A few years ago atleast five, my lovely wife bought me a Sony Playstation. Fantastic you say I wish I had a wife like that, well you can't as she's mine!
Many an hour was spent playing Nightmare Creatures, Syphon Filter, Mortal Kombat, Akuji and others. Suddenly, joy of joys my wife got into gaming. Playing all sorts of games such as Crash Bandicoot and various other platform games. A marriage made in heaven you might say, I played Beat Em Ups and she played Plaforms.
We bought a few new games and also discovered a stall on Newark Market selling good quality used ones. It was then that we discovered a shop in Newark which sold old and new games. One particular Saturday we saw an offer on a Bugs Bunny game if we bought the game next week we would get a free novelty Bugs Bunny alarm clock. My wife had played the demo, so we put our names down to buy the game.
The great day arrived and we went to collect the game. Sure enough we got a free Bugs Bunny Alarm Clock. Bugs was supposed to rise out of a plastic simulated rabbit hole, clutching a carrot and utter the phrase "It's time to rise and shine Doc!" What fun, a novelty item that you could actually use or rather set in a guest bedroom to wake them up in the wee hours.
However, this is a STAMP DEMON tale, so you know there's a twist. We set the alarm, that was okay. We pushed down Bugs no problem. We then sat and waited for the grand moment to arrive - da da! Oh dear, Bugs didn't sound like Bugs at all. Infact he sounded like Elmer Fudd with a severe case of Laryngitis!! What's worse he repeated the same phrase over and over again!
Needless to say after setting the alarm to show my cousin Phil how bad it was, Bugs was put away for another day and that should have been that. We decided to leave Newark for various reasons and packed everything up in boxes and bags to set off for a new life in Scredington, Lincs.
As you will see later the house needed considerable work, even to be viewed as habitable, so lots of items are still in boxes to this day. Therefore, as time moved on The Bugs Bunny Alarm clock was forgotten about, that was the first mistake. The second was forgetting which box he was in.
All unopened boxes were placed in the shop, which was half derelict and had no lights. Therefore, we could only remove stuff in daylight. We would move boxes about until we found what we wanted, often bumping stock in our quest for those items you need but can't find.
About this time we got a very pleasant surprise, the birth of our son Alex. We had managed to make the house comfortable and we looked forward to watching our son grow in our new home - it was then that it started!
We would go to bed and as all mums do my wife would drift into a light sleep listening out for the sounds of our baby son. However, it was not a baby that would wake her it was a wabbit!

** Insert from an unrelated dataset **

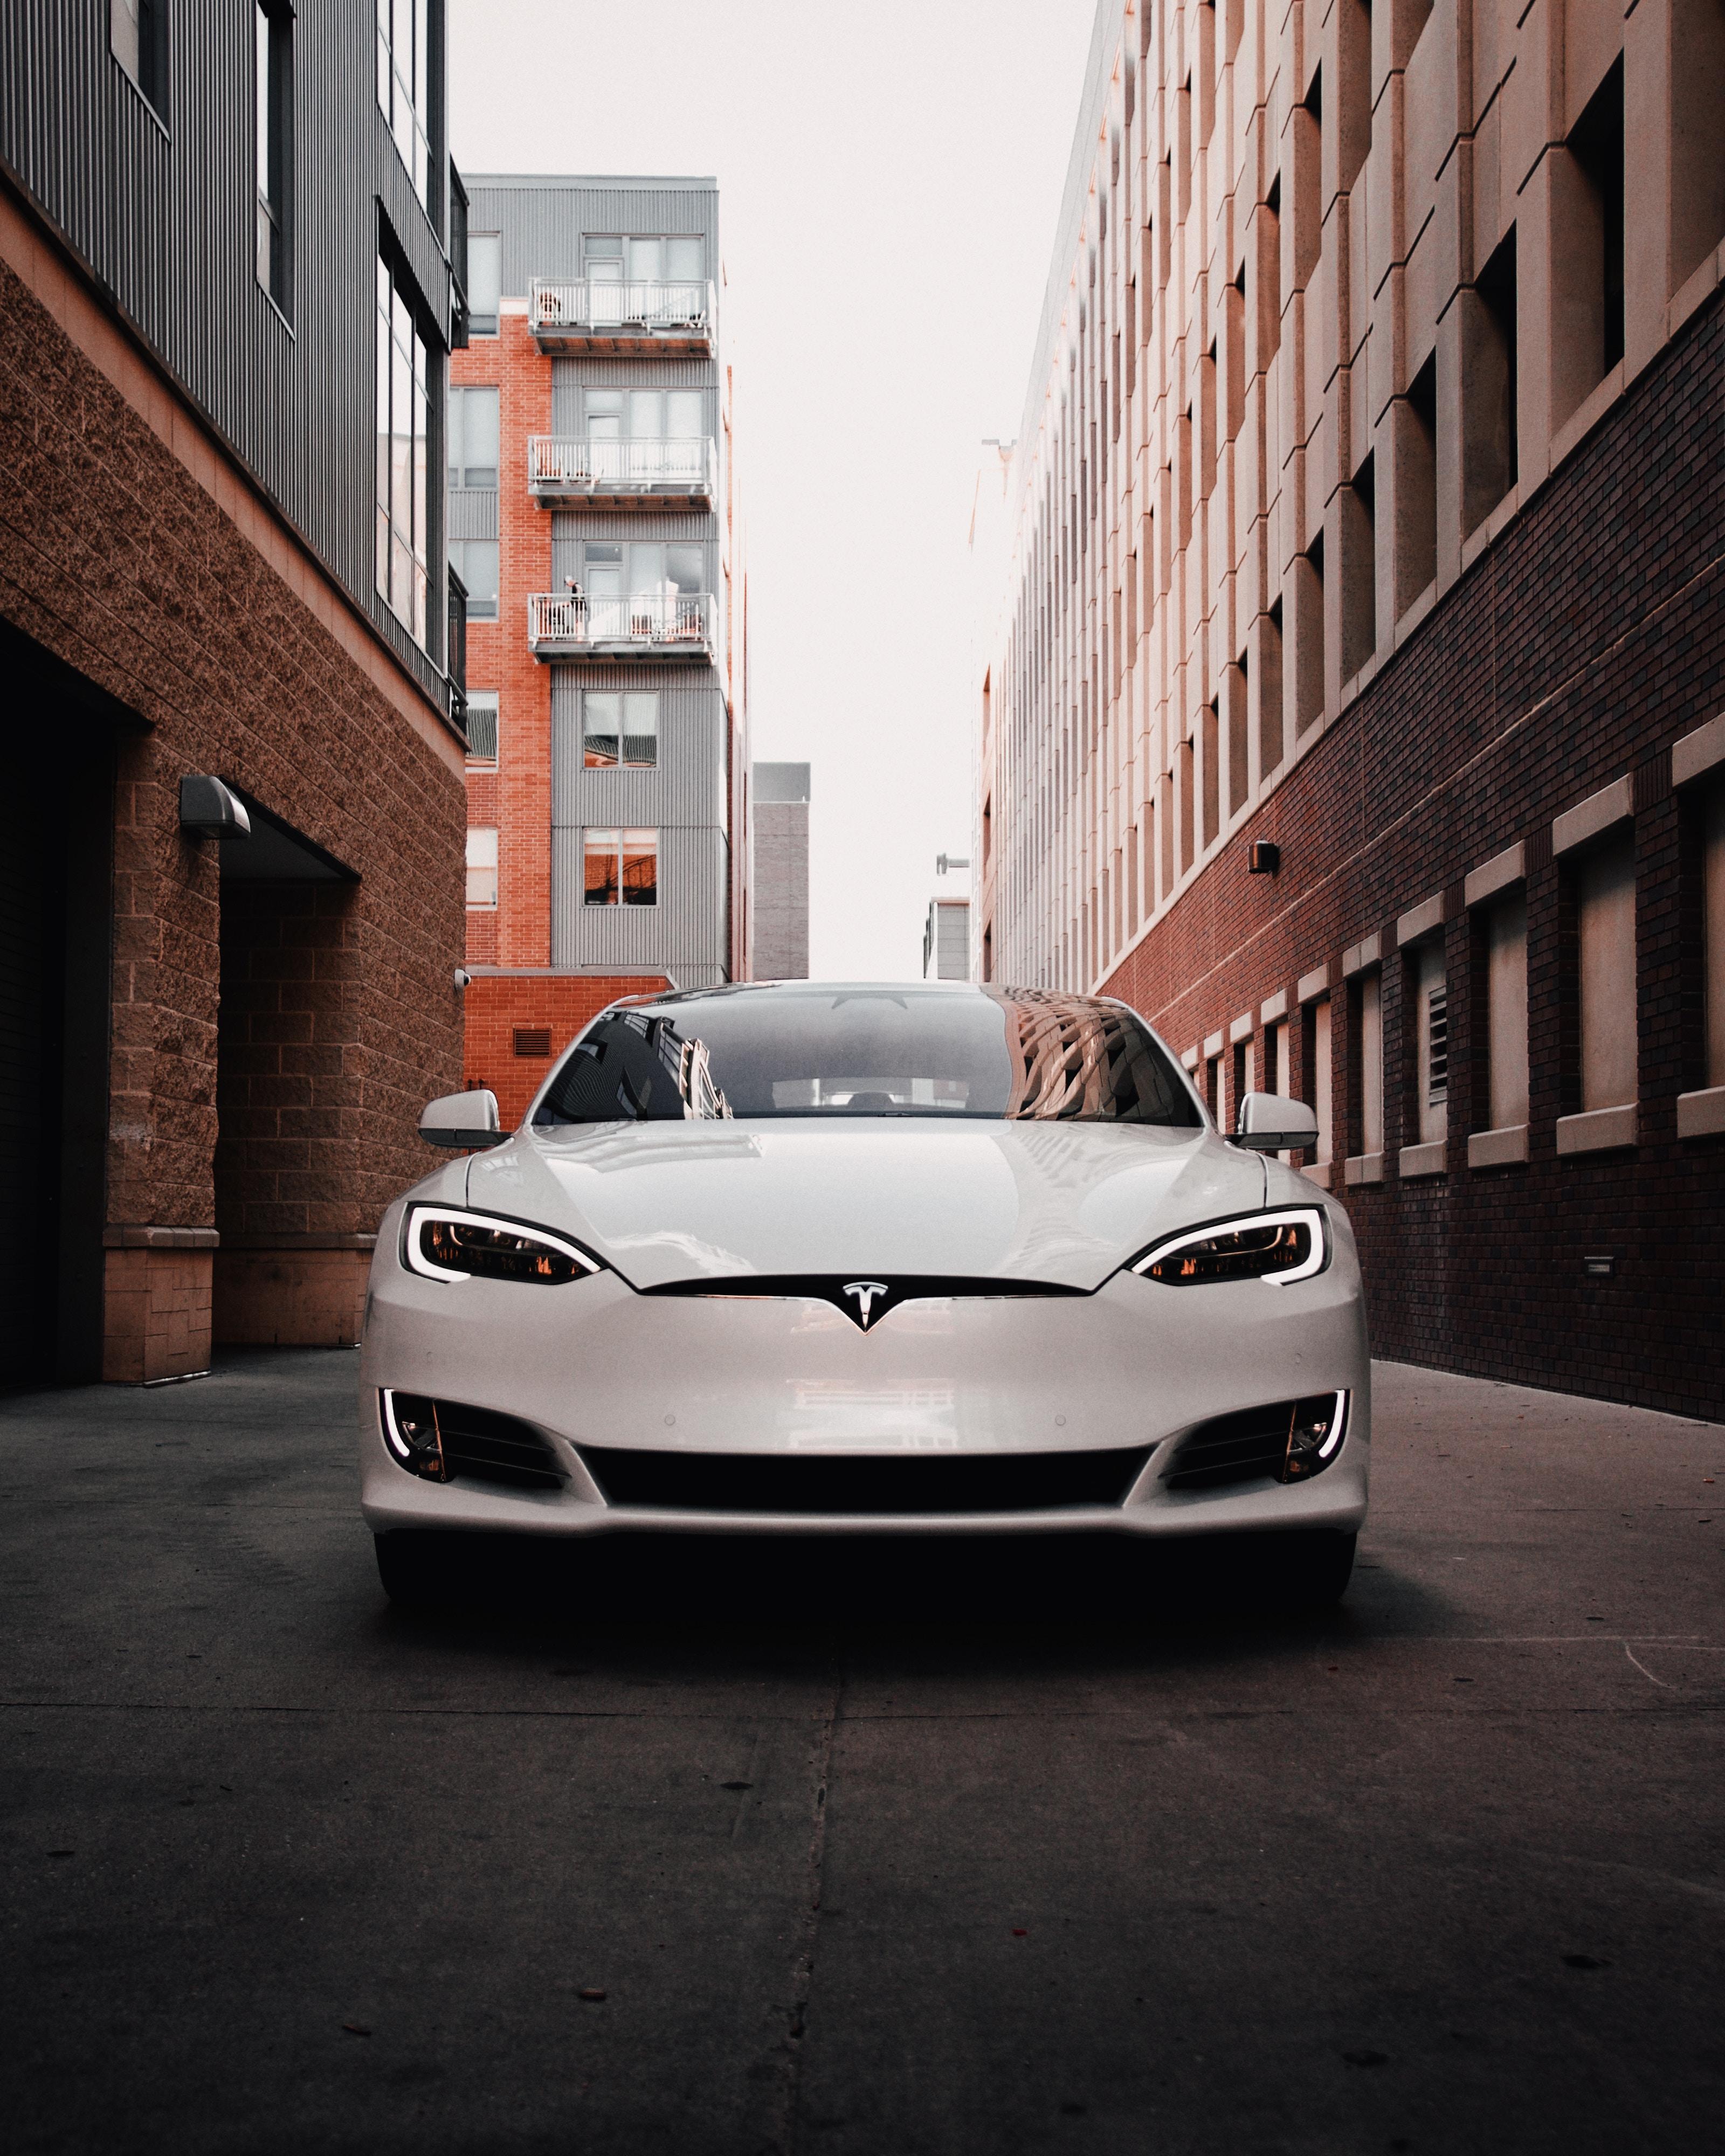 70937 Заставки и Обои Вид Спереди на телефон. Скачать Электрокар, Tesla, Tesla Model S, Тачки (Cars), Вид Спереди, Машина, Белый картинки бесплатно

One o'clock every morning "It's time to rise and shine Doc!" At which point I would be awoken by my wife's complaints about the time, the voice and its volume.
I would have to go downstairs in winter, enter the shop search the gloom for an Elmer Bugs alarm clock! Over and over again "It's time to rise and shine Doc!" I couldn't throw boxes around as the shop is directly below the nursery. After a good few minutes searching, I would trudge upstairs. Fudd Bugs having stopped for the night, my son well you know babies!
This went on for weeks in daylight we searched no Bugs Bunny. At night I frantically sifted no alarm clock. Finally, we got accustomed to Bugs. If we were sound asleep no problem. If we weren't it was another trip downstairs. However, this tale has a happy ending.
One Saturday I was working in the shop and I found The Bugs Bunny Alarm Clock. It really was time to rise and shine for Bugs Bunny. No selling him off in years to come as a collectable on eBay! I pulled Bugs out of his hole ripped off his wires and smashed him with a hammer. Overkill - maybe, vengence is mine - definitely!! I killed the Wabbit!
Please don't take this the wrong way, I'm not a violent man, but at that point I was a Ginger on the edge! IMPORTANT NOTICE: No weal wabbits were waped, wavaged or wuined when witing this tale.